An alternative setup using SLURM_SUBMIT_DIR

If we don’t want to make a copy of hello_world.exe to the output directory, we can make use of the SLURM_SUBMIT_DIR environment variable to refer to the original folder we submitted the job from. We will also show that you can redirect the output and error files directly with #SBATCH below.

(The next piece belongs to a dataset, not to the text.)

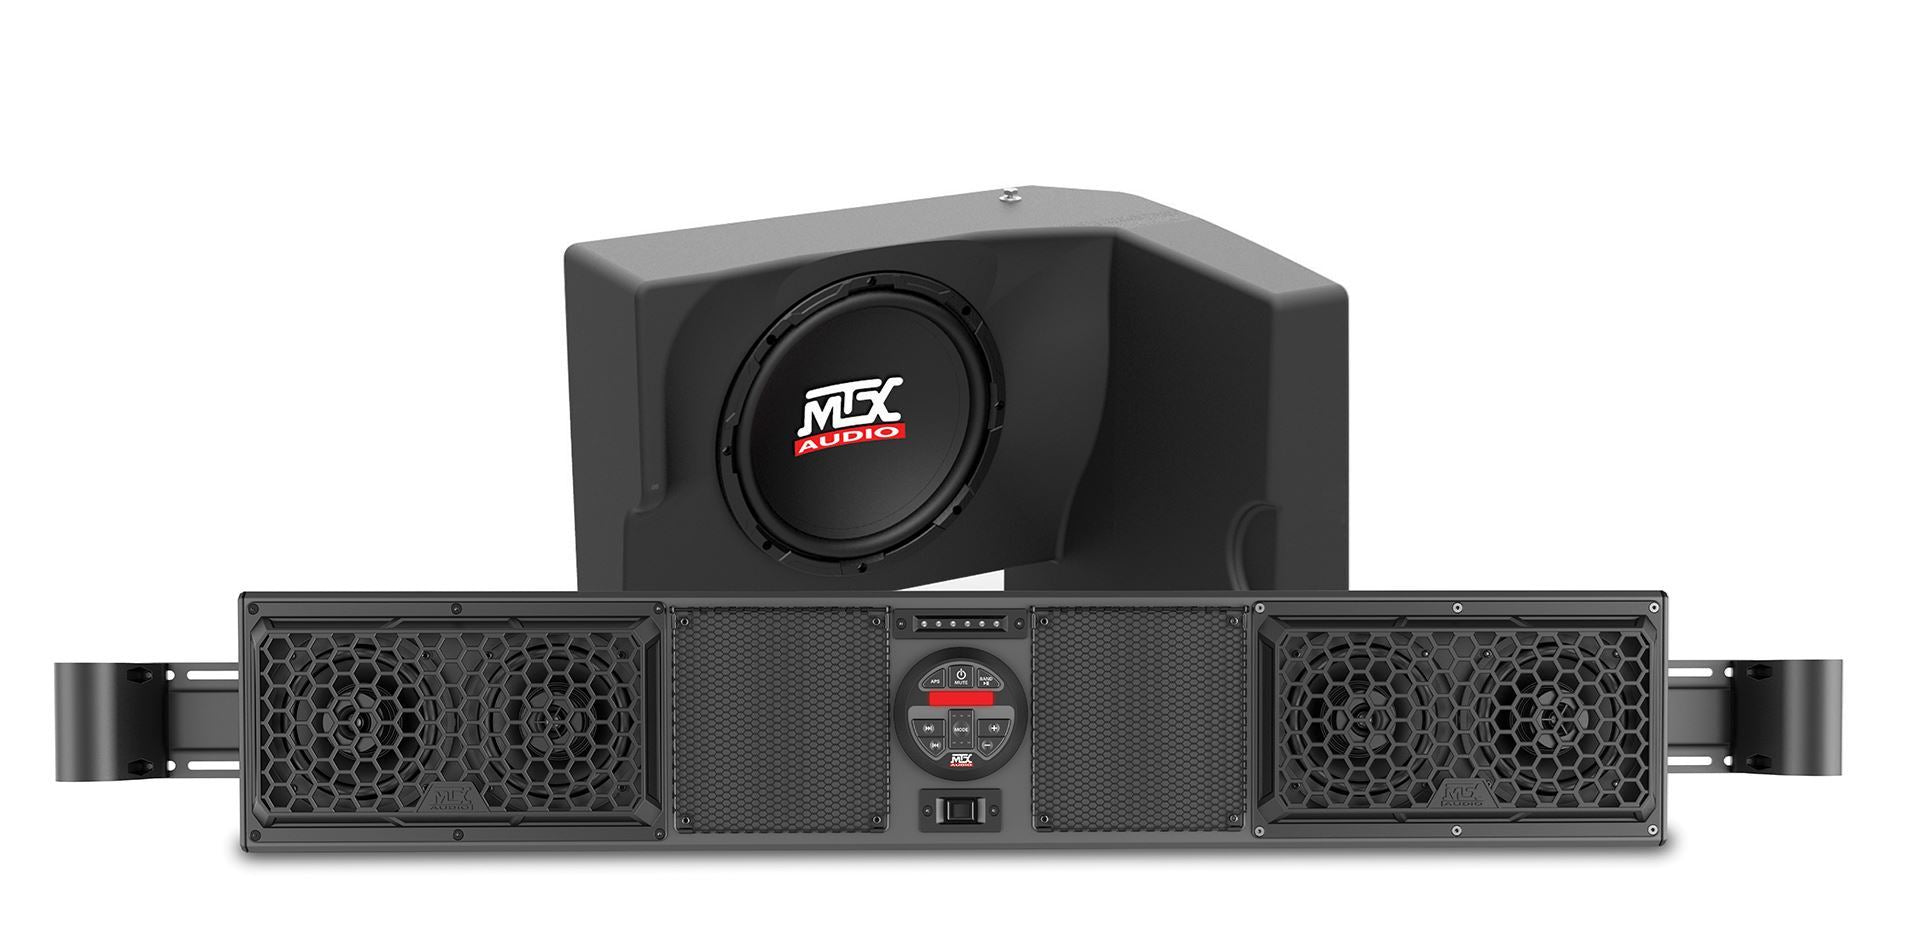 mtx ranger stereo kit with sound bar and subwoofer on white background
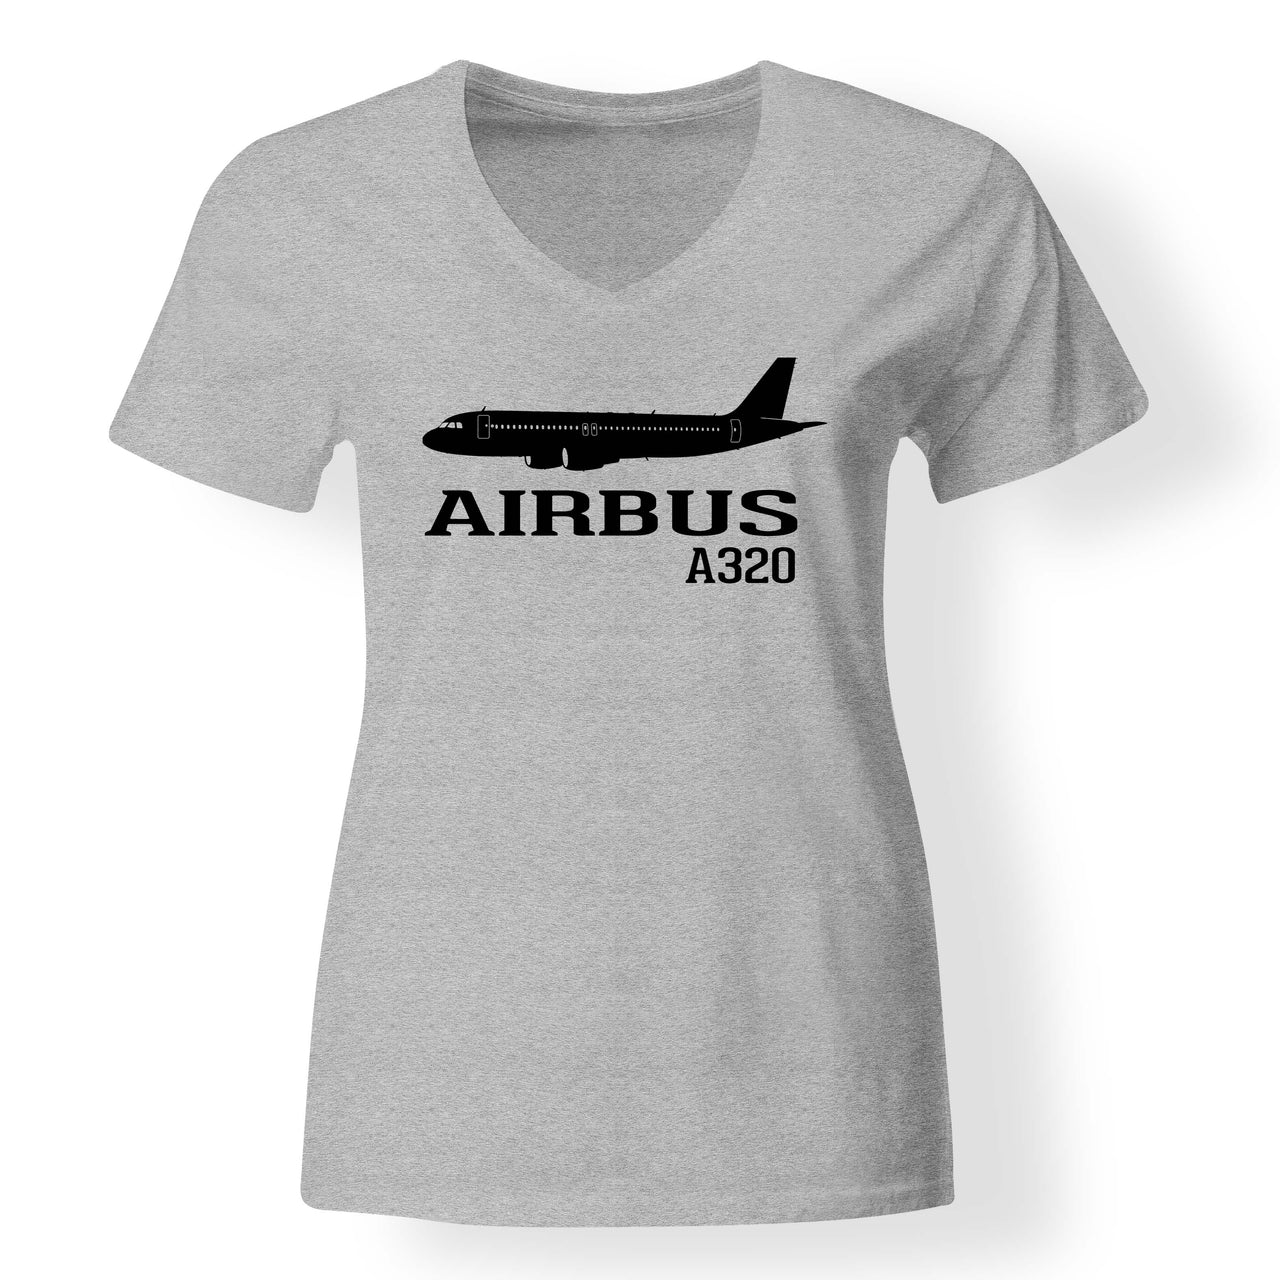 Airbus A320 Printed Designed V-Neck T-Shirts

To do so, we first need to print out our SCRATCH path:

$ echo ${SCRATCH}
/scratch/<your username>

We’ll call this file submit_scratch_2.sh:

#!/bin/bash
#SBATCH --nodes=1 # number of nodes
#SBATCH --ntasks-per-node=12 # number of tasks per node
#SBATCH --ntasks=12 # redundant; total number of tasks: ntasks = nodes * ntasks-per-node
#SBATCH --account="fall25_hpc_workshop" 
#SBATCH --time=00:00:01 # time in HH:MM:SS
#SBATCH --output /scratch/<your username>/jobs/%j/output.%j # standard print output labeled with SLURM job id %j
#SBATCH --error /scratch/<your username>/jobs/%j/error.%j  # standard print error  labeled with SLURM job id %j

# Load the modules used to compile the code in the job script
module load compilers/gcc mpi/openmpi/gcc

echo "Job has started!"

echo "Moving job output to scratch"
mkdir -p ${SCRATCH}/jobs/${SLURM_JOBID}
cd ${SCRATCH}/jobs/${SLURM_JOBID}
srun ${SLURM_SUBMIT_DIR}/hello_world.exe
echo "Job has finished!"

After the file is saved, try submitting it

sbatch submit_scratch_2.sh

And compare the differences between it and submit_scratch_1.sh.